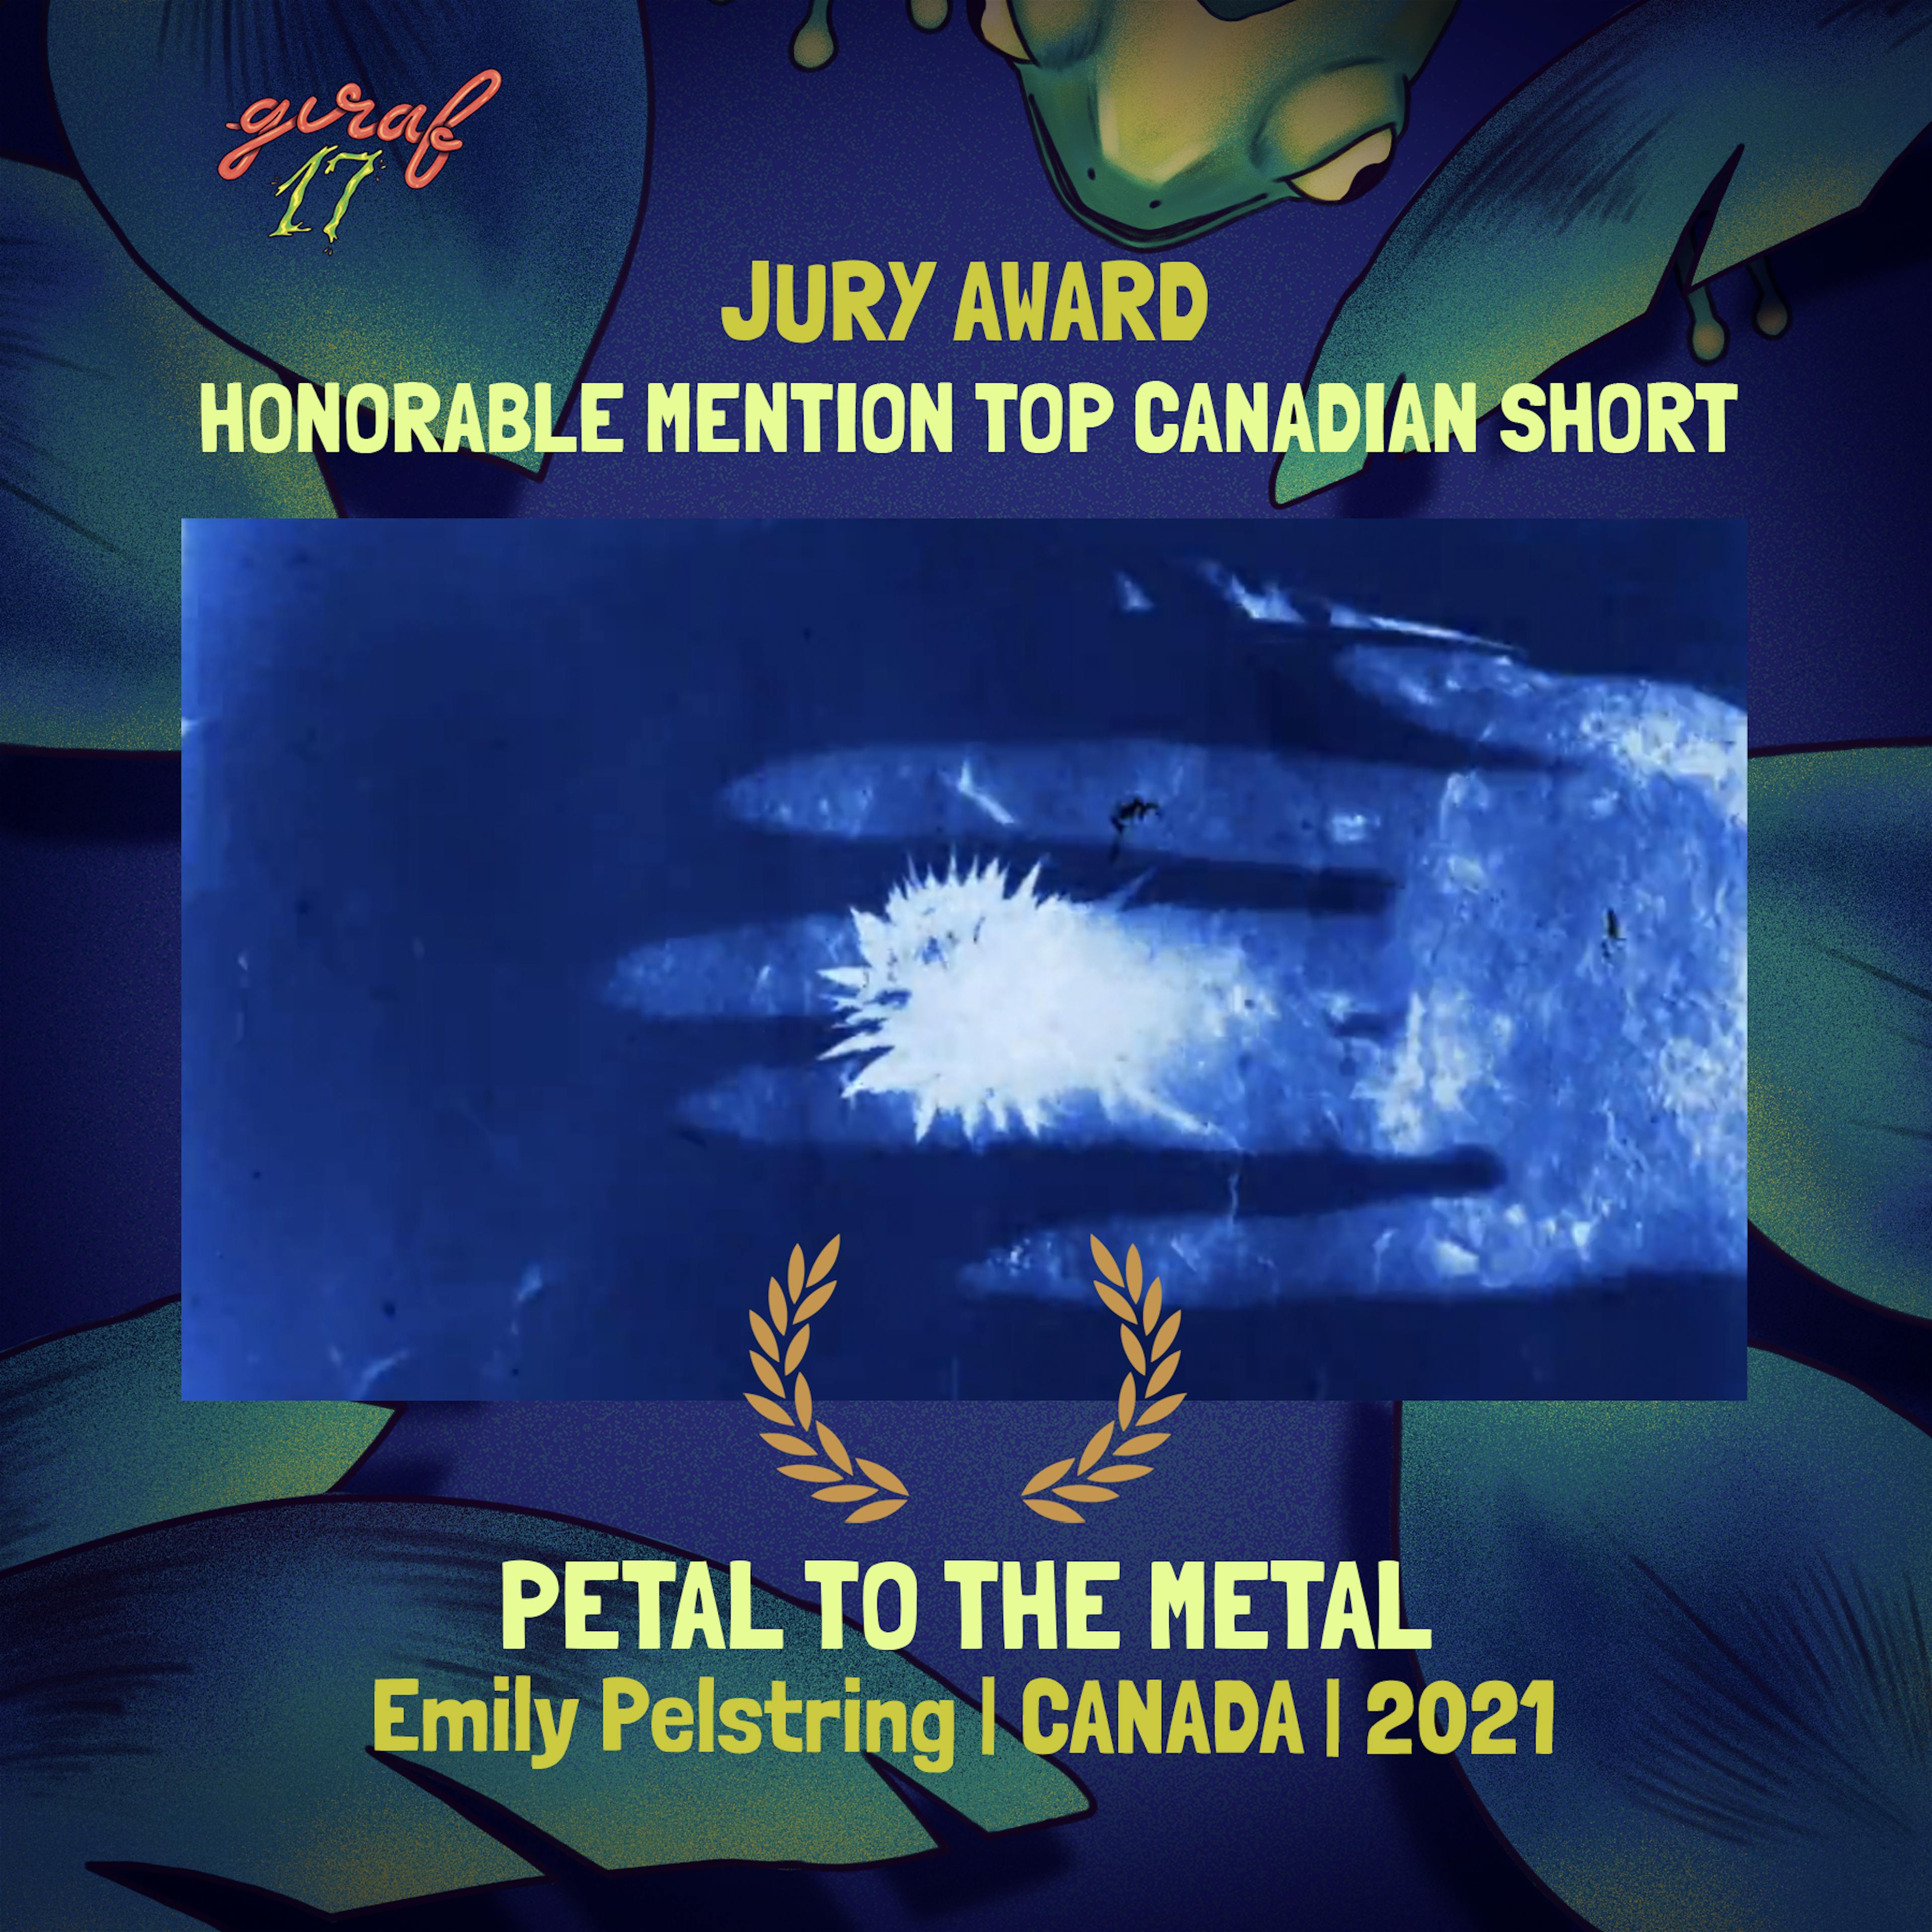 A ghostly image of a hand holding a flower. Surrounding text: GIRAF17 Jury Award, Honorable Mention Top Canadian Short; Petal to the Metal; Emily Pelstring; Canada; 2021
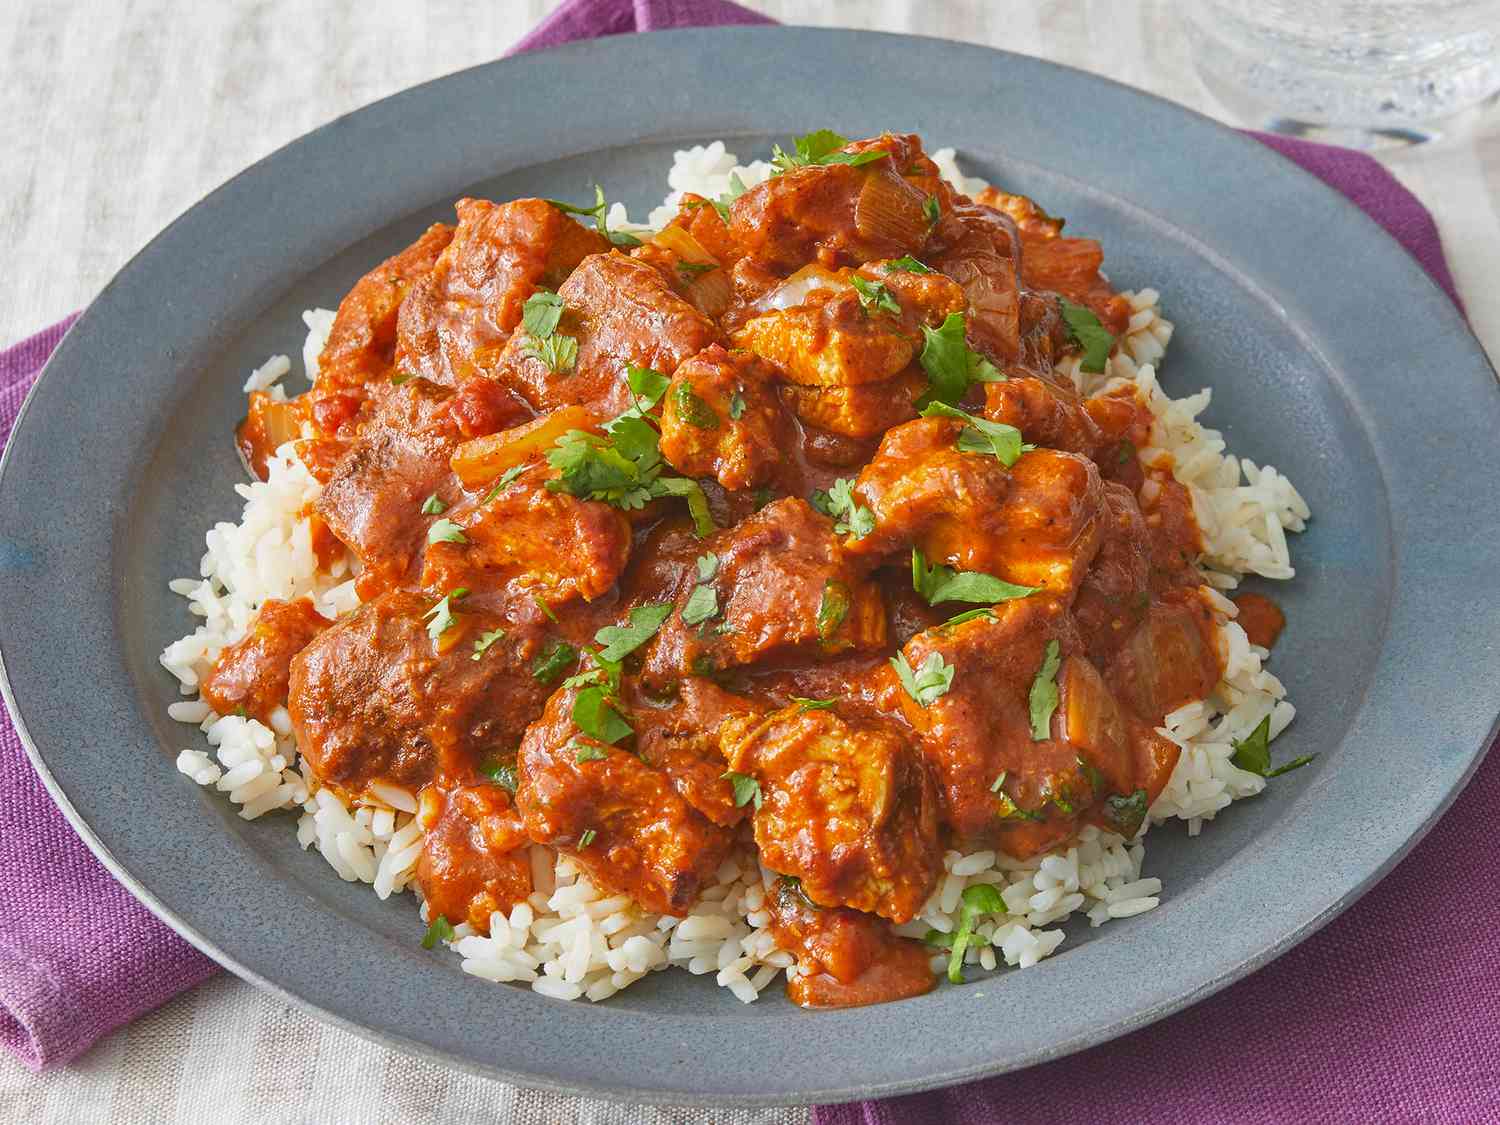 Chicken tikka masala made easy with this delicious recipe
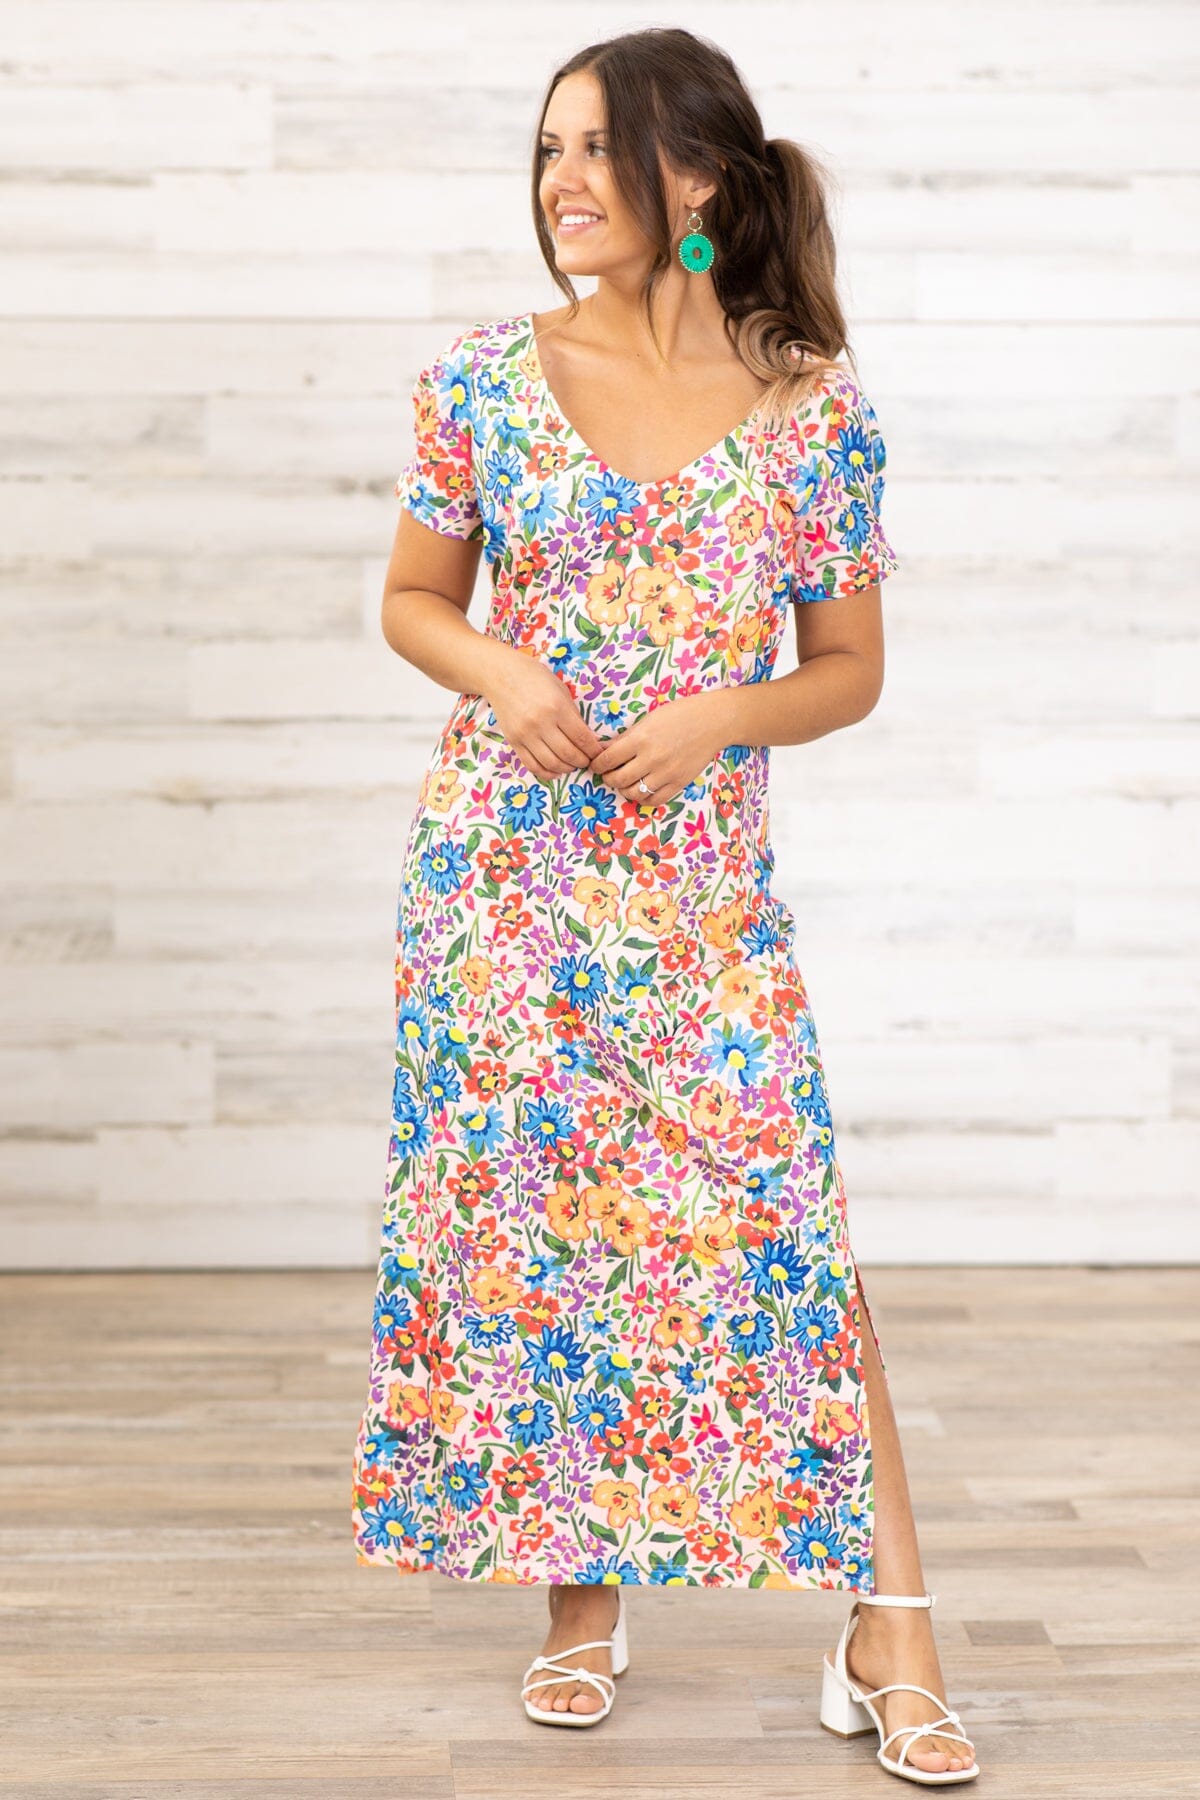 Sky Blue and Pink Floral Print Maxi Dress - Filly Flair

•••••

Transcribe the material exactly, leaving every picture out.

• **Final answer**:
 A ghostly image of a hand holding a flower. Surrounding text: GIRAF17 Jury Award, Honorable Mention Top Canadian Short; Petal to the Metal; Emily Pelstring; Canada; 2021
 Chicken tikka masala made easy with this delicious recipe
 Sky Blue and Pink Floral Print Maxi Dress - Filly Flair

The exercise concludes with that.